Since leaving Facebook, Randi founded Zuckerberg Media, where her focus is bringing more young girls and women into the technology industry and STEM at large.
“I knew once my work was complete with Facebook that the second chapter of my career would really be around getting more women in the room and changing what the upper executives of this company looks like,” Randi says.
Her new book, Pick Three: You Can Have It All (Just Not Every Day), speaks to her personal life philosophy. “I’m really not a fan of the term ‘being well balanced,’” Randi says. “I don’t think anyone has ever done anything they were proud on in life while being well balanced, so I give myself permission to be well lopsided. Whatever I’m focusing on in the moment that I want to be great at, it’s going to mean prioritizing that thing and saying no other things.” Ultimately, Randi summarizes, you can have it all but you have to prioritize and pick three things you want to focus on each day, whether it’s work, family, or your personal health.
On this episode of Mission Daily, Chad and Randi sit down to discuss how she is managing her various projects, career mistakes and what she has learned from them along the way, and her personal mission to be ‘well lopsided’ in life.
Quotes from Randi:
“For me, it started out as a mission [Zuckerberg Media]. I knew that I wanted to bring more gender diversity into Silicon Valley and STEM but I wasn’t quite sure how to do that. I had an initial hypothesis about creating content but as I started to really do research and dig into the data I found two key moments that we lose women in STEM and tech. And that is when they are girls between 8-10 years old and another is in the entrepreneurship phase of starting a company.”
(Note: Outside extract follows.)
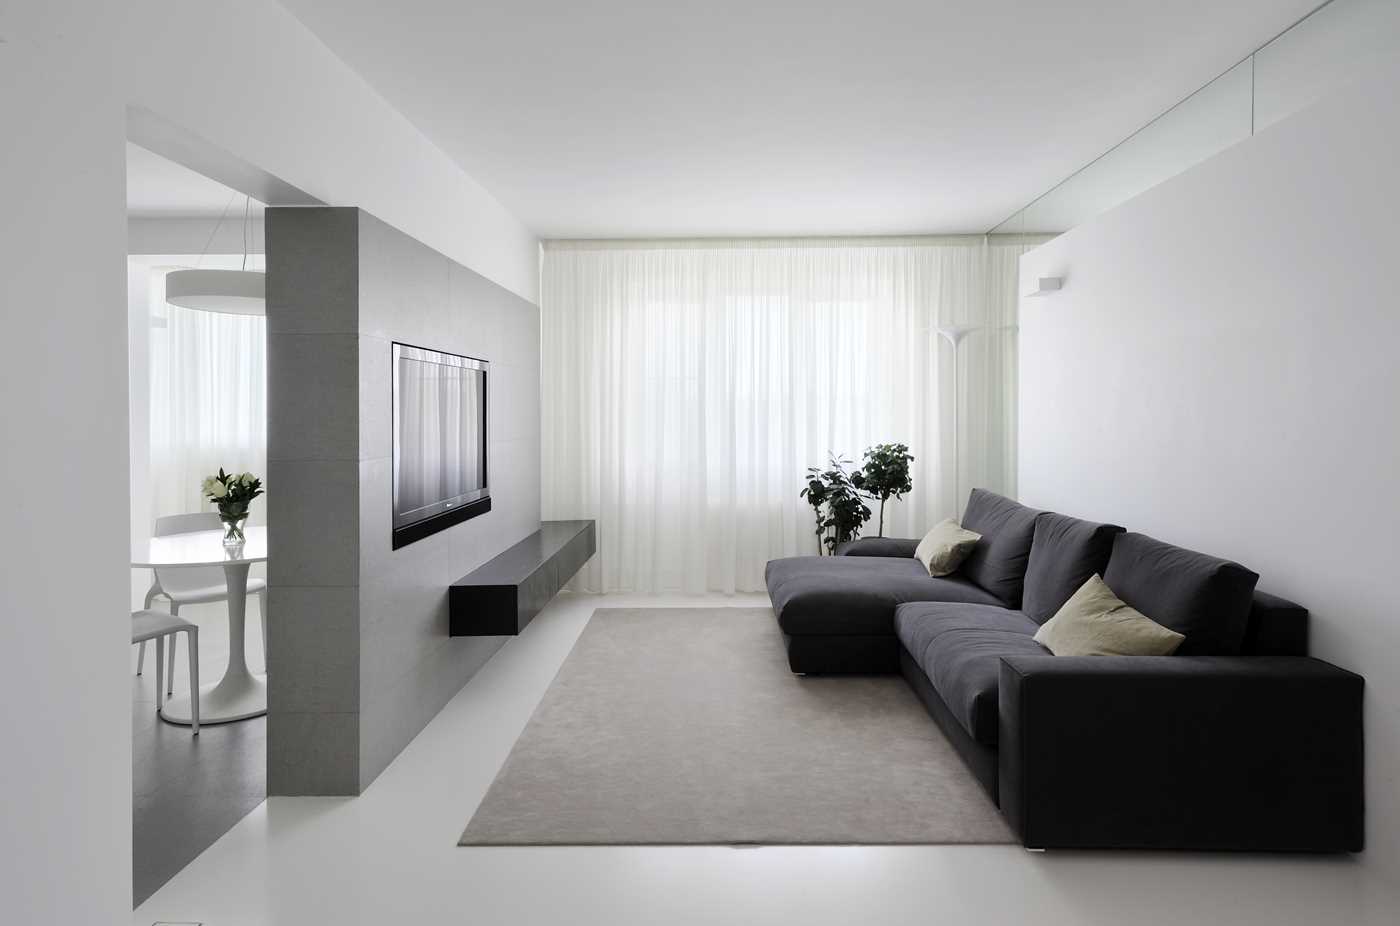 version du design lumineux du salon dans le style du minimalisme

“Being at Facebook at such an early age completely changed my entire career and what I thought was possible in the world with entrepreneurship.”
“I loved every moment of working in Silicon Valley with Facebook. The only thing that I did not love was pretty much being the only woman in every room that I was in for a decade. That was something I really started to question and think about. How is it that we are building these global companies, but everyone in the room looks identical?”